= Erich Pernice =

German archaeologist

Erich Pernice (19 December 1864, Greifswald - 1 August 1945, Freest) was a German classical archaeologist. He was the son of the gynecologist Hugo Karl Anton Pernice (1829–1945).

He studied classical philology in Berlin, and classical languages, history and archaeology at the University of Bonn, where his instructors included Reinhard Kekulé von Stradonitz and Heinrich Nissen. In 1888, he obtained his PhD with a dissertation titled Galen et de ponderibus mensuris testimonia. Through a travel grant from the Deutschen Archäologischen Instituts (DAI), he participated in the excavation at Kerameikos in Athens.

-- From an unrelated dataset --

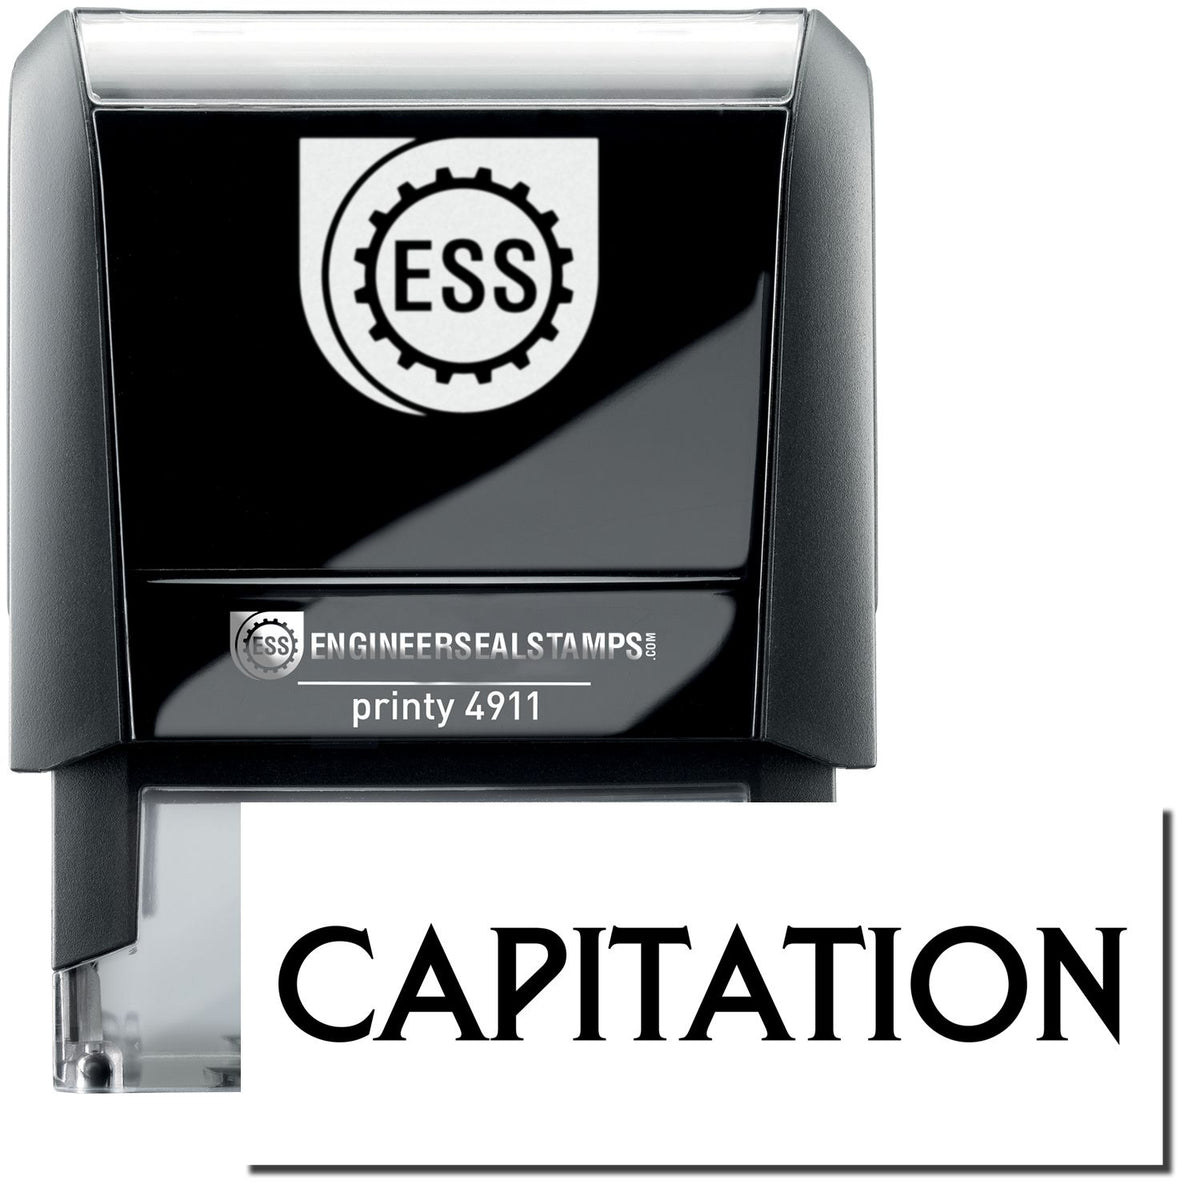 A self-inking stamp with a stamped image showing how the text &quot;CAPITATION&quot; is displayed after stamping.

In 1895, he began work at the Antikensammlung Berlin (Antiquarium), subsequently spending several years as a directorial assistant (1897-1903).

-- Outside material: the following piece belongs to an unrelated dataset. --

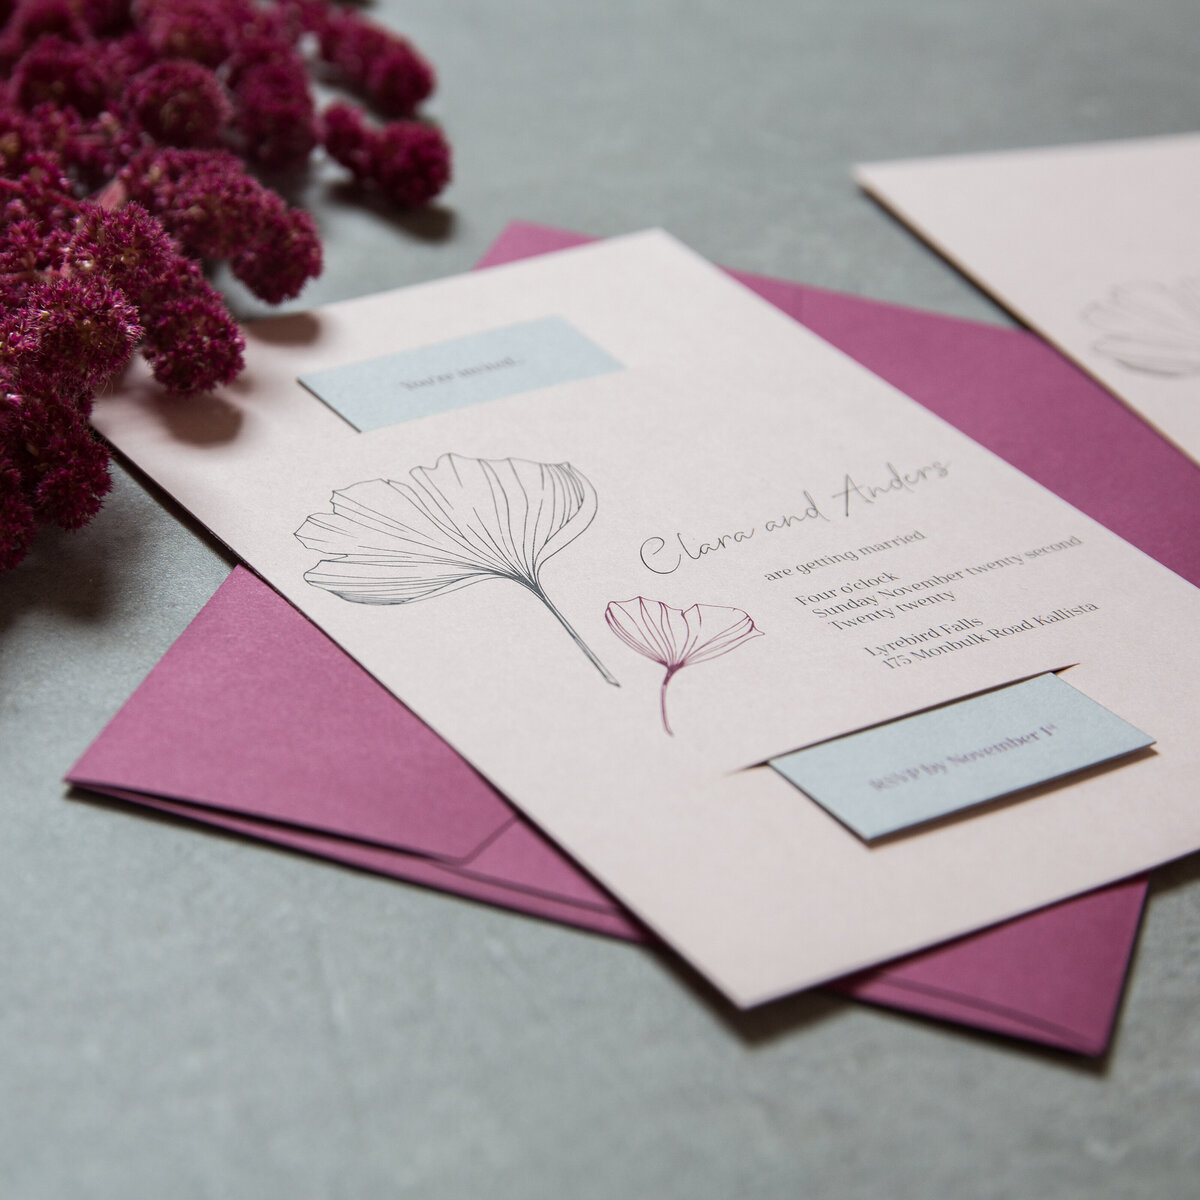 Pink wedding invitation with ginkgo leak design and grey rsvp card and purple envelope

In 1903, he was named an associate professor of archaeology and philological auxiliary sciences at the University of Greifswald, later attaining a full professorship (1907) and a directorate of the academic art collections. In 1908/09, he took part in two successful excavations at Miletus. In 1912, he was instrumental towards the founding of the "Pompeii project", a project that is still continued by the DAI today. In the field of metrology, he conducted research of ancient weights. After retirement in 1933, he continued to give lectures at Greifswald until 1940.

== Selected works ==
He was responsible for continuation of the series Hellenistische Kunst in Pompeji (Hellenistic art in Pompeii), a multi-volume project begun by Franz Winter. He also made important contributions as an editor to Wilhelm Lübke's Die Kunst des Altertums and to Georg Lehnert's Illustrierte geschichte des Kunstgewerbes (1907–09). In Gercke and Norden's Einleitung in die Altertumswissenschaft, he was the author of the section on Greek and Roman private life, titled "Griechisches und römisches Privatleben". Other noteworthy works by Pernice include:
- Ein Attischer Friedhof, (with Alfred Brueckner) 1893 - An Attican cemetery.
- Griechisches pferdegeschirr im Antiquarium der Königlichen Museen, 1896 - Greek horse harnesses at the Antiquarium in the Royal Museum.
- Hellenistische silbergefässe im Antiquarium der Königlichen Museen, 1898 - Hellenistic silver vessels at the Antiquarium in the Royal Museum.
- Der Hildesheimer silberfund (with Franz Winter), 1901 - The Hildesheim silver trove.
- Gefässe und Geräte aus Bronze, 1925 - Bronze vessels and implements.
- Pompeji, 1926.
- Pavimente und Figürliche mosaiken, 1928; In: Hellenistische Kunst in Pompeii, Bd. 6. - Pavements and figurative mosaics.
- Hellenistische Tische, Zisternenmündungen, Beckenuntersätze, Altäre und Truhen, 1932; In: Hellenistische Kunst in Pompeji, Bd. 5. - Hellenistic tables, cistern mouths, pedestals, altars and chests.
Pernice promoted regional archaeology (Western Pomerania) via establishment of the Mitteilungen aus der Sammlung Vaterländischer Altertümer.